**What is being asked**
Exclude the images, then return every line below exactly as written.

[[ Collected data, beginning ]]

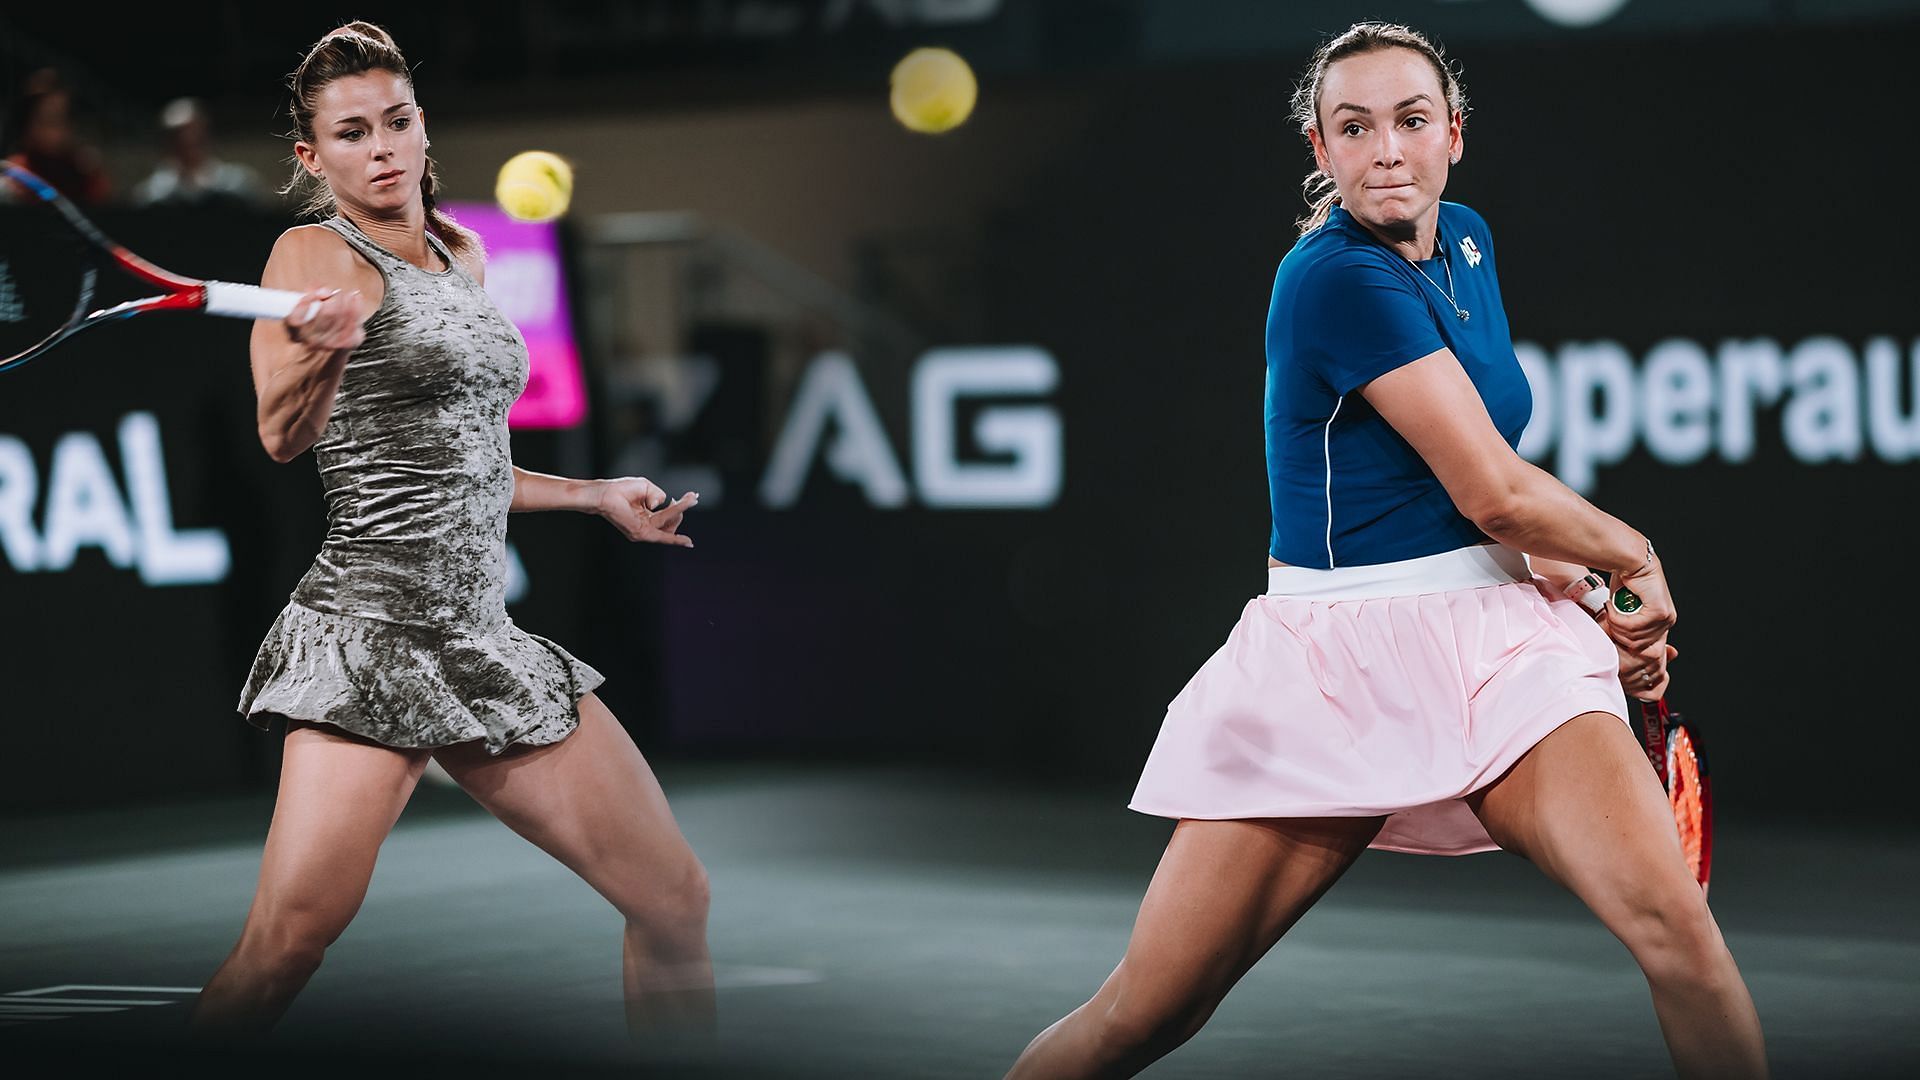 Vekic (left) and Georgi will be in action on Thursday in Linz.
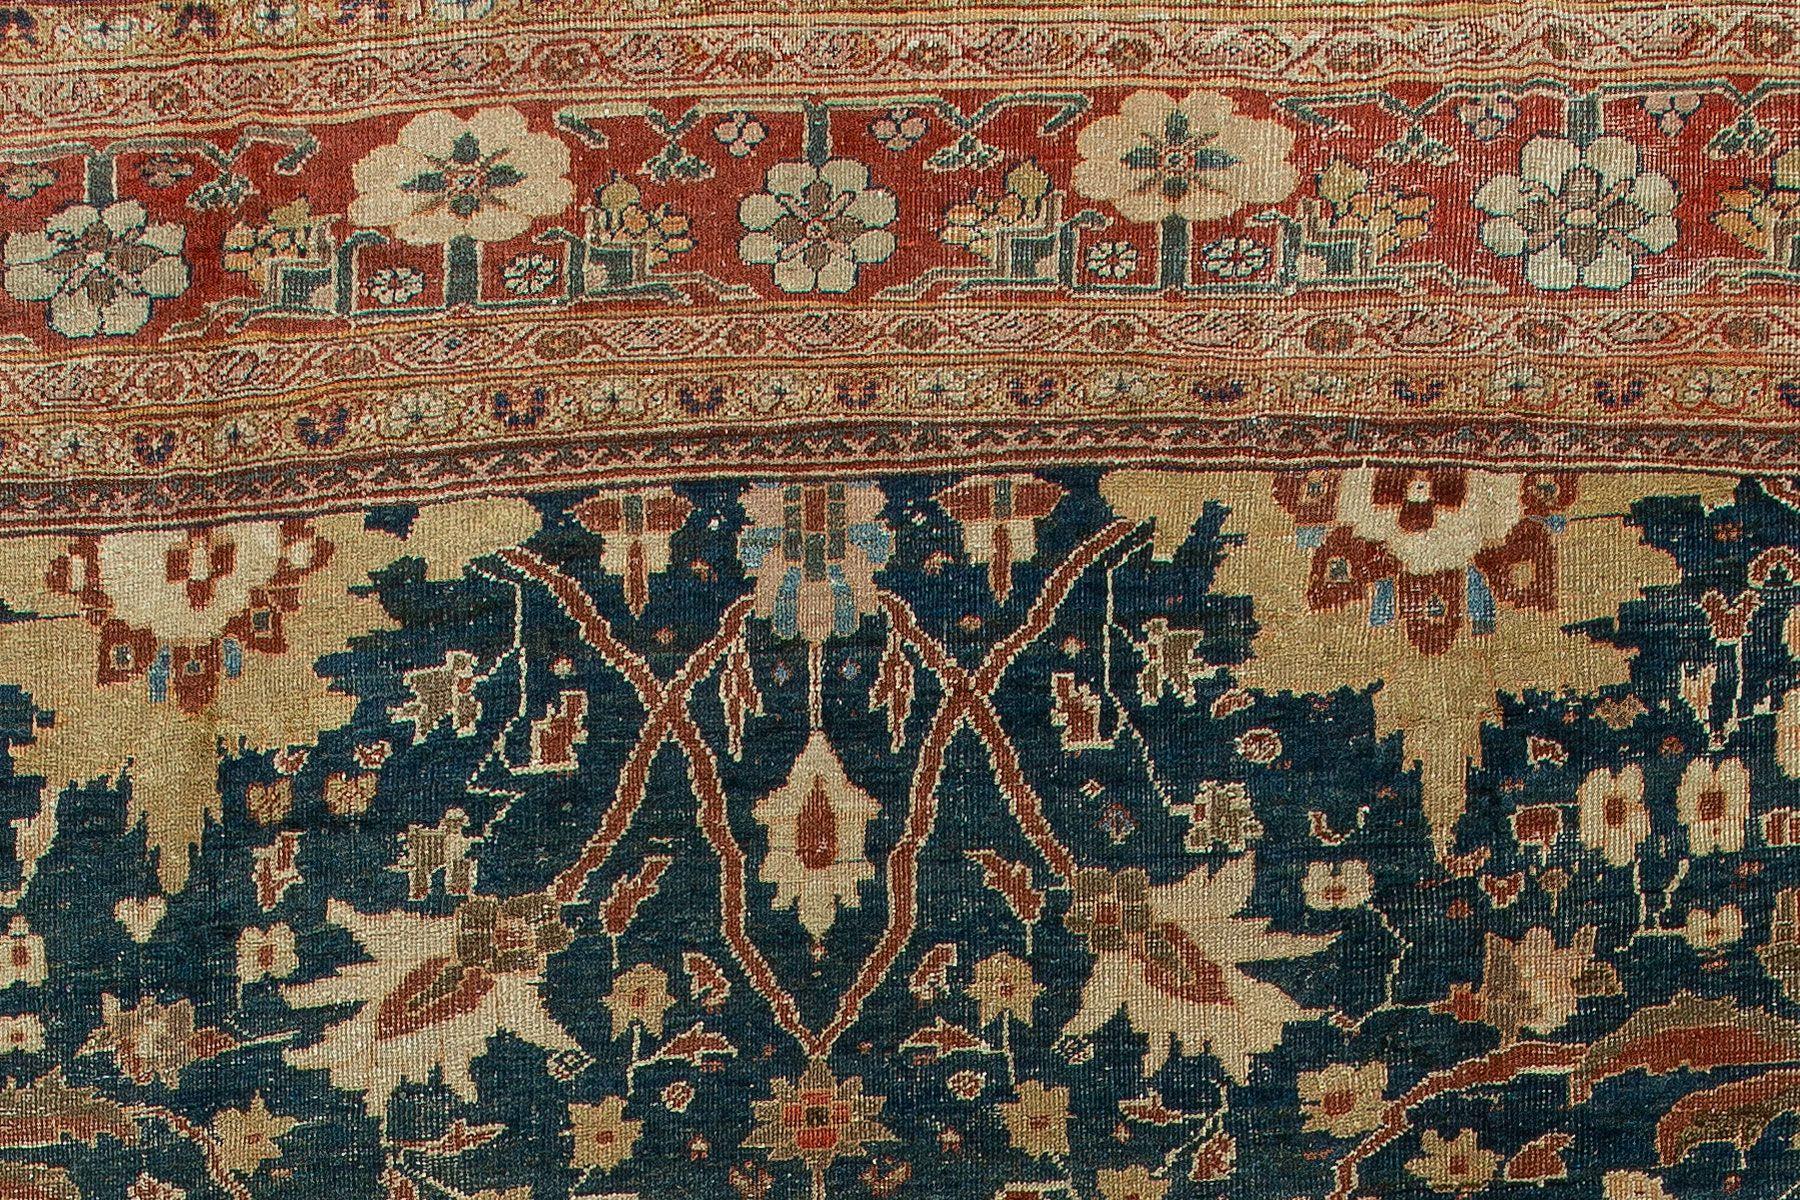 Phenomenal Large Scale Antique Sultanabad Mahal Persian Carpet 10
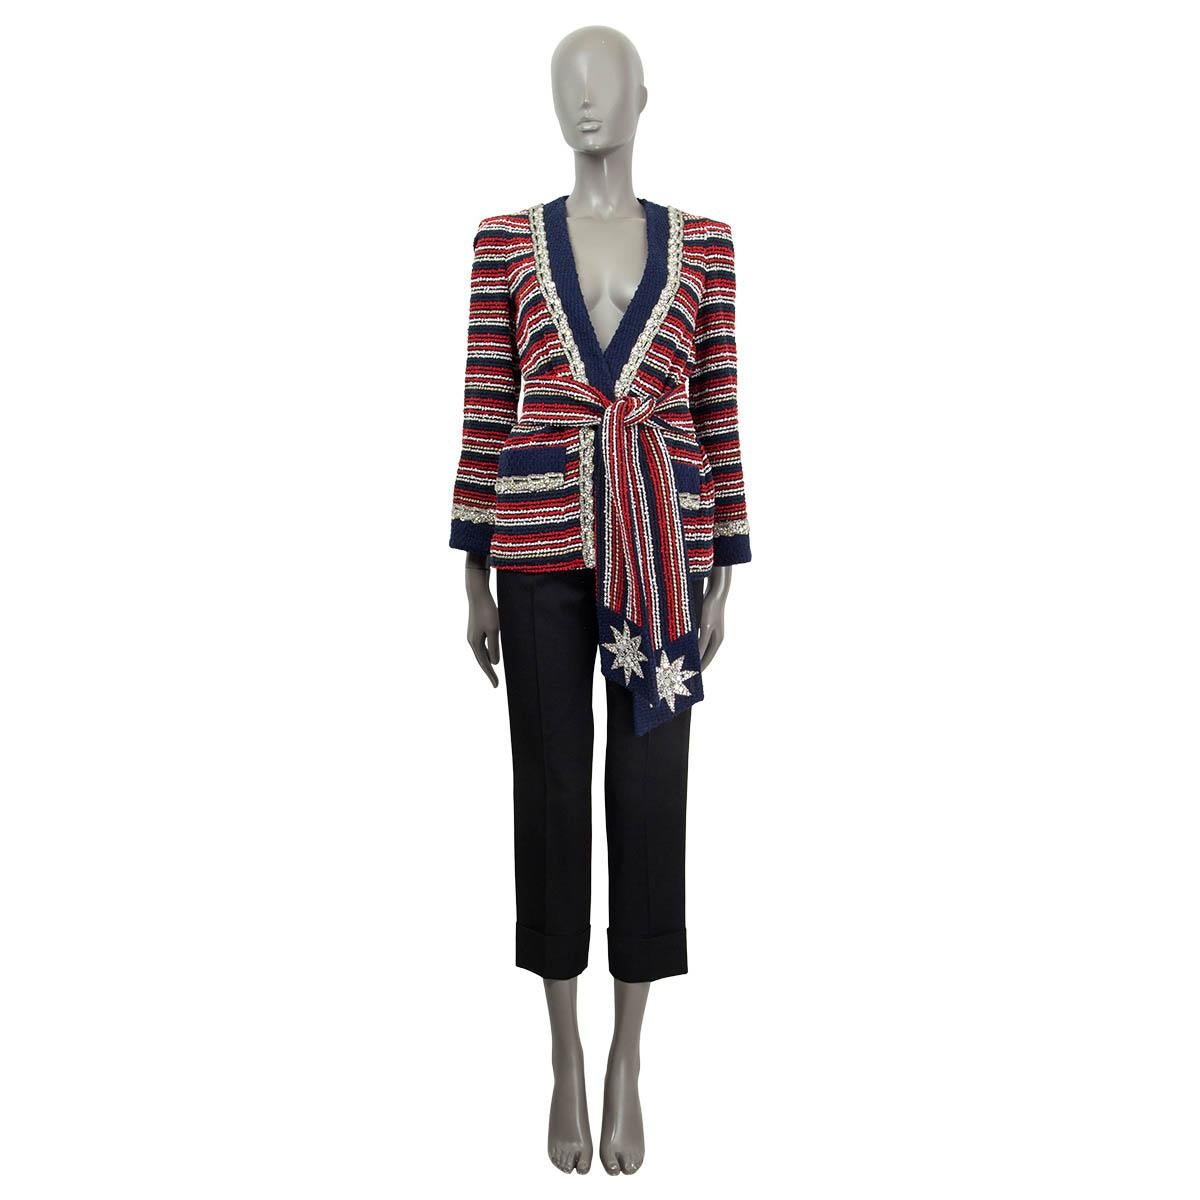 100% authentic Gucci  belted marine stripe bouclé jacket in navy, red, gold and white cotton (88%) and polyamide (12%). Lined in navy blue viscose (100%). The jacket closes with a crystal star embellished belt and two hidden hooks. It features two

[[ Collected data, end ]]

**Task result**
 Vekic (left) and Georgi will be in action on Thursday in Linz.
 Phenomenal Large Scale Antique Sultanabad Mahal Persian Carpet 10
 100% authentic Gucci  belted marine stripe bouclé jacket in navy, red, gold and white cotton (88%) and polyamide (12%). Lined in navy blue viscose (100%). The jacket closes with a crystal star embellished belt and two hidden hooks. It features two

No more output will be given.